El Al airplane
El Al airplanePhoto: Moshe Shai / Flash90

El Al, Israel’s national airline, has adopted a new policy regarding the handling of male passengers who refuse to sit next to women, following criticism of a series of incidents on a recent flight.

Last Thursday night, four male passengers, all members of the haredi community, refused to take seats assigned to them after they discovered that they had been seated next to female passengers.

Claiming that their religious beliefs required that they be seated away from female passengers, the four men demanded that special accommodations be made in their case.

Despite orders by one of the flight attendants that the four men take their assigned seats, the flight was ultimately delayed by more than an hour, with the dispute only being resolved after several women agreed to change seats.

The incident drew heavy criticism, including from Barak Eilam, the CEO of NICE Systems, an analytics software company.

In a social media post, Eilam vowed to cut any and all business ties with El Al and to boycott the airline until the airline banned “actions discriminating [against] women”.

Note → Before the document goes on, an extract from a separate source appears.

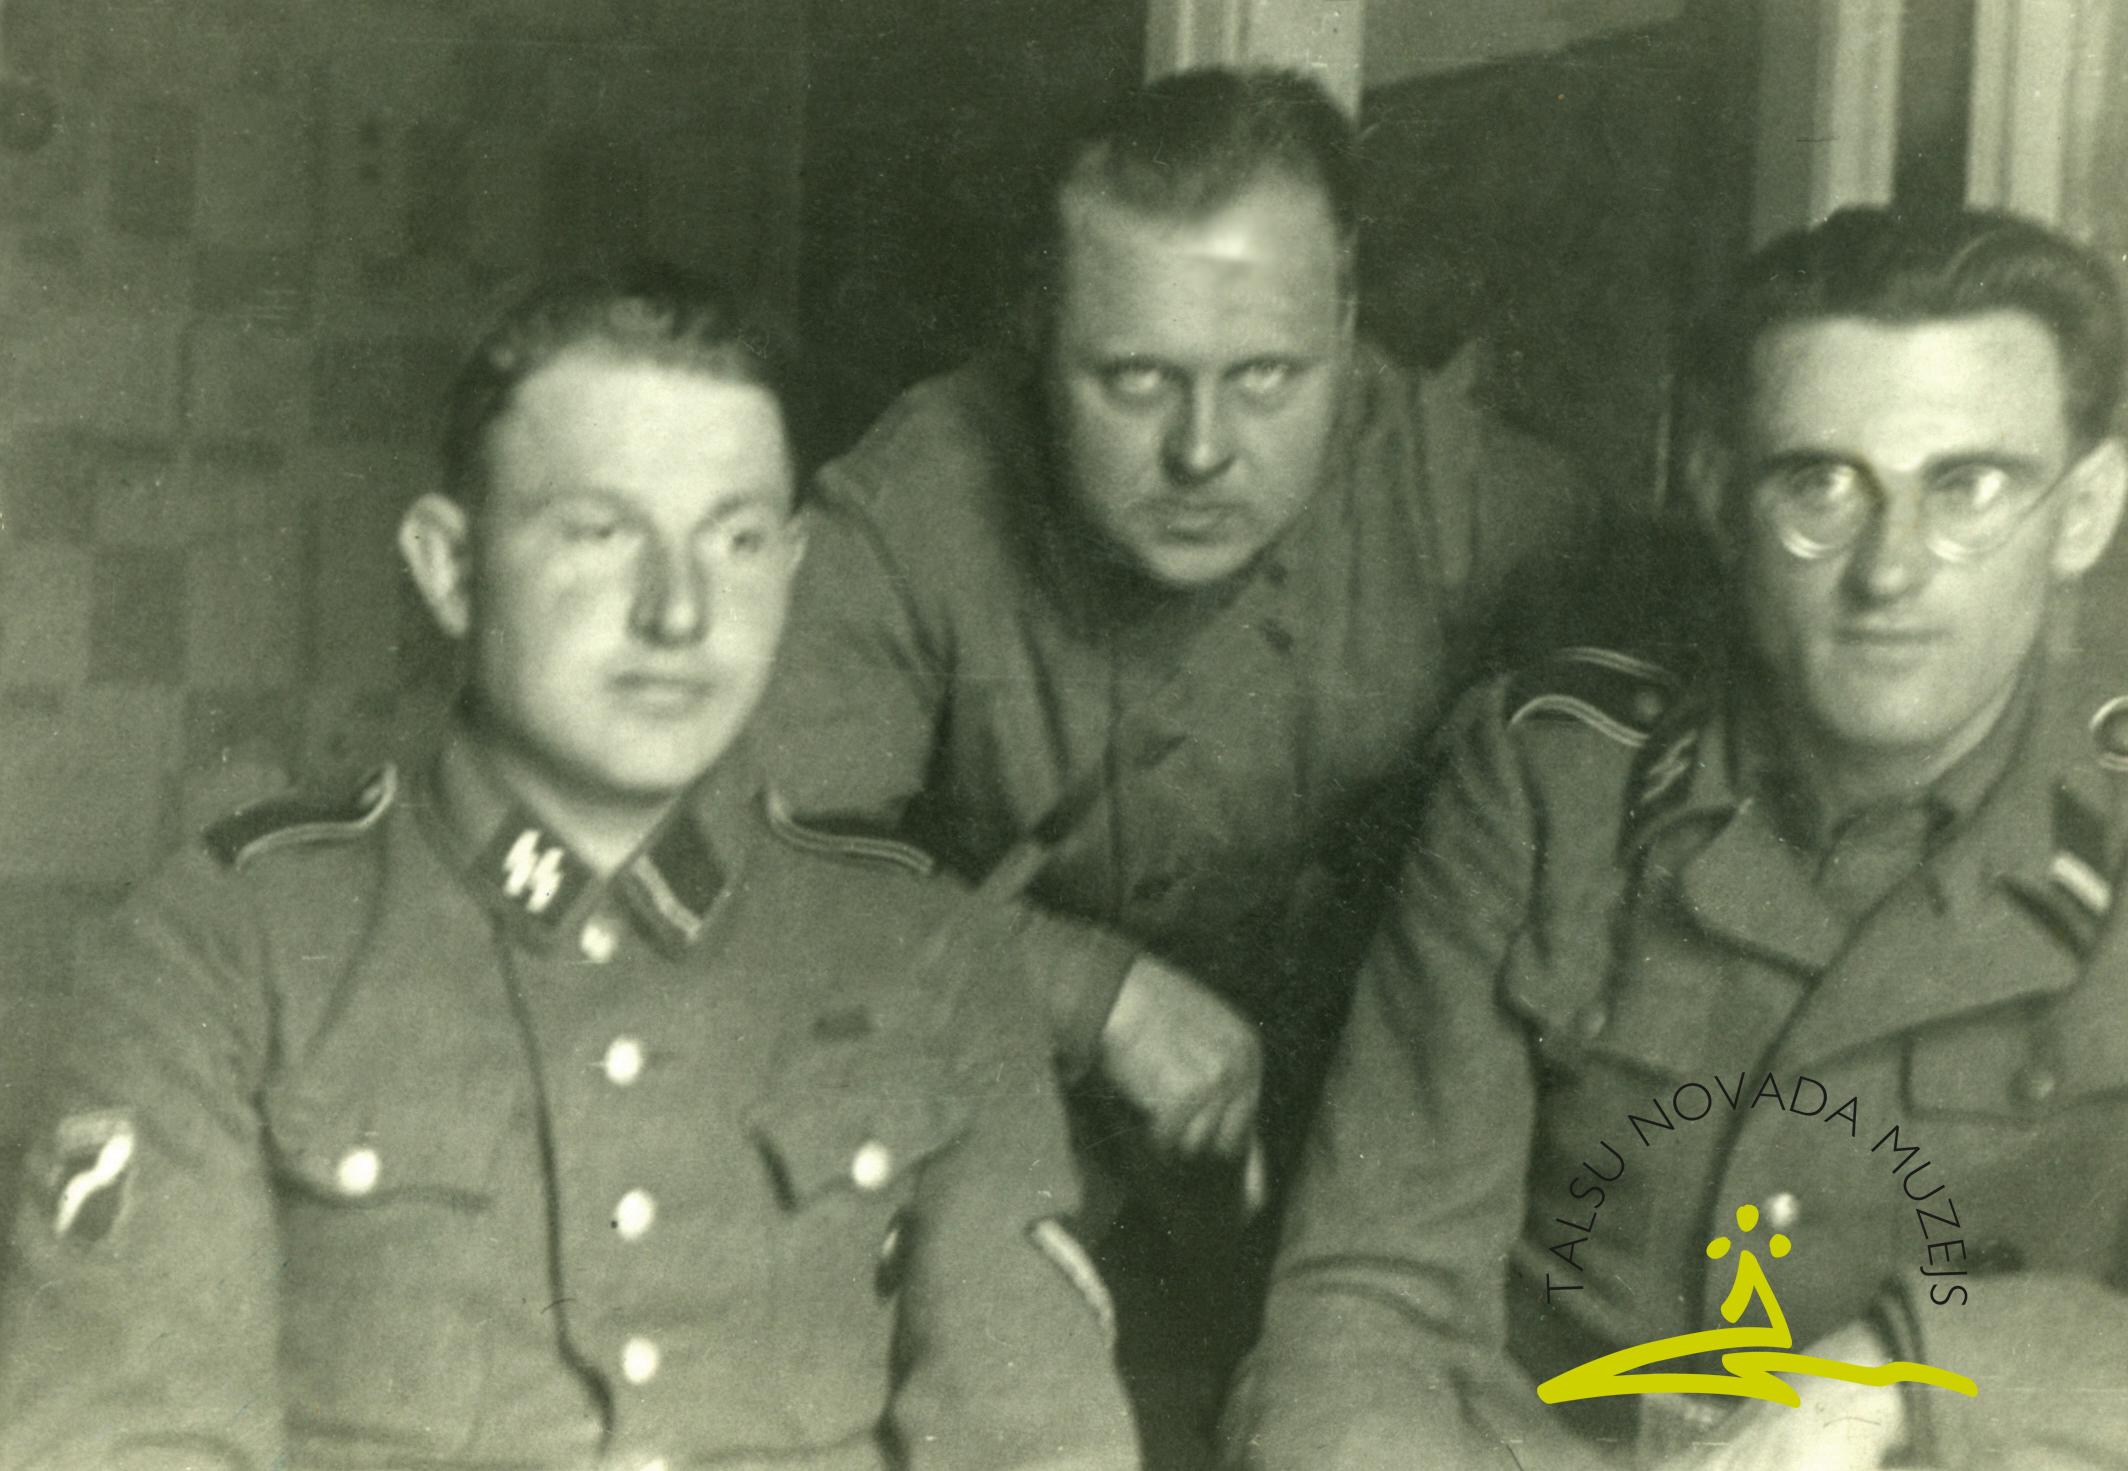 Brīvprātīgie leģionāri austrumu frontē ap 1943. gadu. 1. no kreisās Kārlis Tigulis, vidū Jānis Kalniņš, 3. Leons Jansons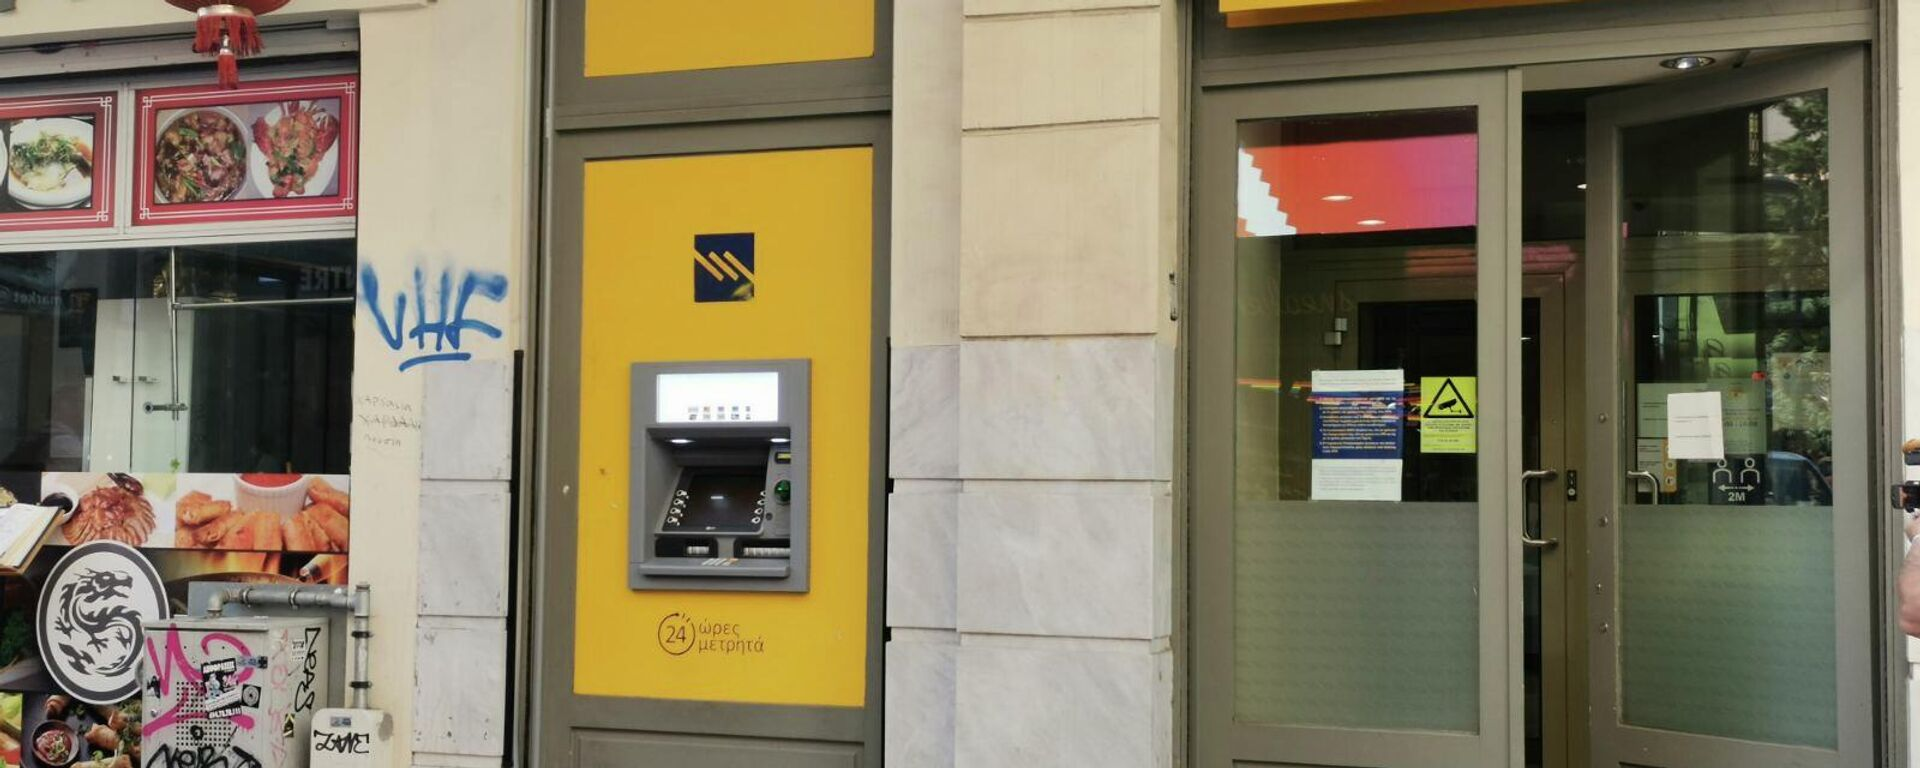 Ληστεία σε τράπεζα στη Μητροπόλεως - Sputnik Ελλάδα, 1920, 27.09.2021

“At NICE we don’t do business with companies that discriminate against race, gender or religion. NICE will not fly EL Al Israel Airlines until they change their practice and actions discriminating women.”

In response to Eilam’s post, El Al CEO Gonen Usishkin criticized the Nice Systems chief’s comments, and emphasized that El Al had adopted clear guidelines in the way wake of last week’s incident to prevent similar occurrences in the future.

“The post by the NICE CEO was made without a thorough check of the facts, and I explained that to him in a conversation,” Usishkin said, according to a report by Channel 10.

“EL Al’s employees who handled the incident did so with the necessary sensitivity. Everyone who flies with the national airline feels the values the company was founded on: an egalitarian company which does not discriminate based on religion, race, or sex.”

Usishkin added that he had released a new directive, requiring that in the future, passengers who refuse their assigned seats will be immediately removed from the flight.

“For the sake of clarity, today I ordered that the regulations be clarified on this matter, and that in the future, any passenger who refuses to sit next to another passenger will be immediately removed from the flight.”

One year ago, an Israeli court ruled that El Al cannot ask women to move seats to accommodate a man who does not want to sit next to a woman. Renee Rabinowitz, 83, a retired lawyer who made aliyah more than a decade ago and had been visiting family in the United States, agreed to switch her seat in business class on a December 2015 flight from Newark, New Jersey, to Israel. A flight attendant offered Rabinowitz a better seat closer to first class.

The judge in the case ruled the airline must declare it forbidden for a crew member to ask a passenger to change seats at the request of another passenger based on gender. El Al agreed to tell its cabin staff in writing about the prohibition and provide training on how to deal with such situations.